There is a race window in dlm_do_recovery() between dlm_remaster_locks()
and dlm_reset_recovery() when the recovery master nearly finish the recovery
process for a dead node. After the master sends FINALIZE_RECO message in
dlm_remaster_locks(), another node may become the recovery master for another
dead node, and then send the BEGIN_RECO message to all the nodes included the
old master, in the handler of this message dlm_begin_reco_handler() of old master,
dlm->reco.dead_node and dlm->reco.new_master will be set to the second dead
node and the new master, then in dlm_reset_recovery(), these two variables
will be reset to default value. This will cause new recovery master can not finish
the recovery process and hung, at last the whole cluster will hung for recovery.

old recovery master:                                 new recovery master:
dlm_remaster_locks()
                                                  become recovery master for
                                                  another dead node.
                                                  dlm_send_begin_reco_message()
dlm_begin_reco_handler()
{
 if (dlm->reco.state & DLM_RECO_STATE_FINALIZE) {
  return -EAGAIN;
 }
 dlm_set_reco_master(dlm, br->node_idx);
 dlm_set_reco_dead_node(dlm, br->dead_node);
}
dlm_reset_recovery()
{
 dlm_set_reco_dead_node(dlm, O2NM_INVALID_NODE_NUM);
 dlm_set_reco_master(dlm, O2NM_INVALID_NODE_NUM);
}
                                                  will hung in dlm_remaster_locks() for
                                                  request dlm locks info

Before send FINALIZE_RECO message, recovery master should set DLM_RECO_STATE_FINALIZE
for itself and clear it after the recovery done, this can break the race windows as
the BEGIN_RECO messages will not be handled before DLM_RECO_STATE_FINALIZE flag is
cleared.

A similar race may happen between new recovery master and normal node which is in
dlm_finalize_reco_handler(), also fix it.
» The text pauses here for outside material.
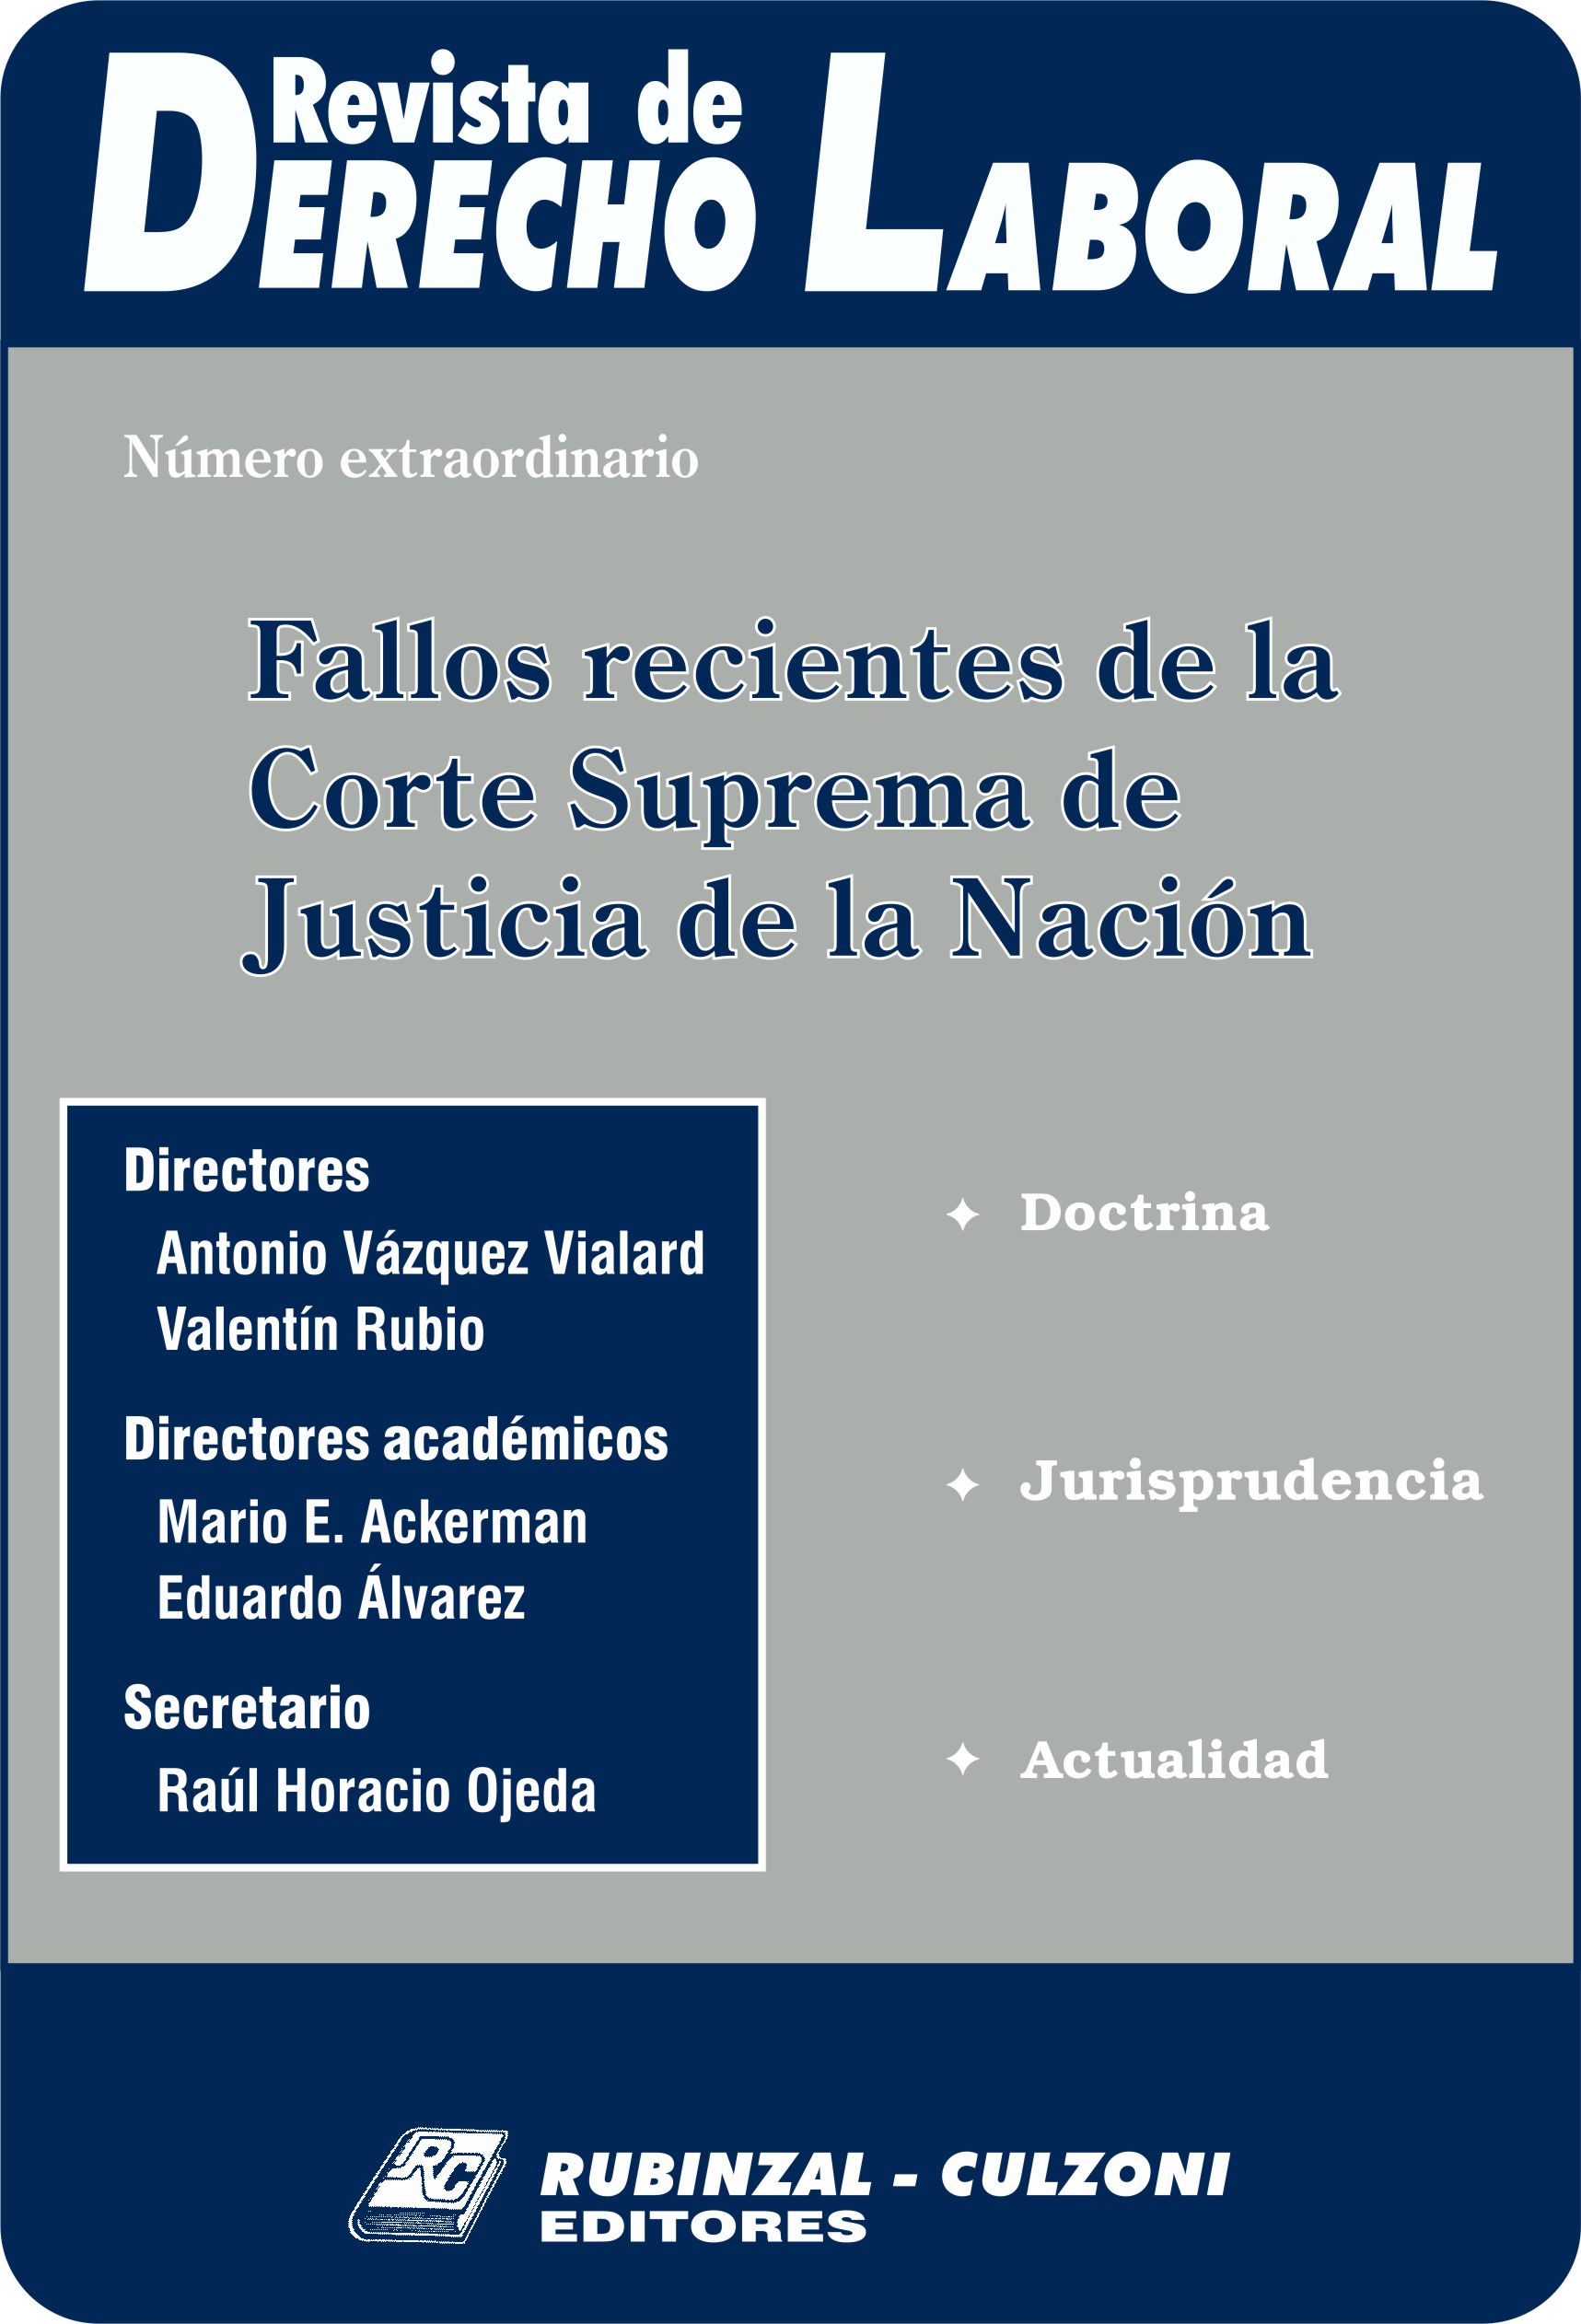 Revista de Derecho Penal Económico - Derecho Penal Tributario - IV

Reviewed-by: Srinivas Eeda <srinivas.eeda@oracle.com>
Reviewed-by: Wengang Wang <wen.gang.wang@oracle.com>
Cc: <stable@vger.kernel.org>
Signed-off-by: Junxiao Bi <junxiao.bi@oracle.com>
---
 fs/ocfs2/dlm/dlmrecovery.c |   15 +++++++++++++--
 1 file changed, 13 insertions(+), 2 deletions(-)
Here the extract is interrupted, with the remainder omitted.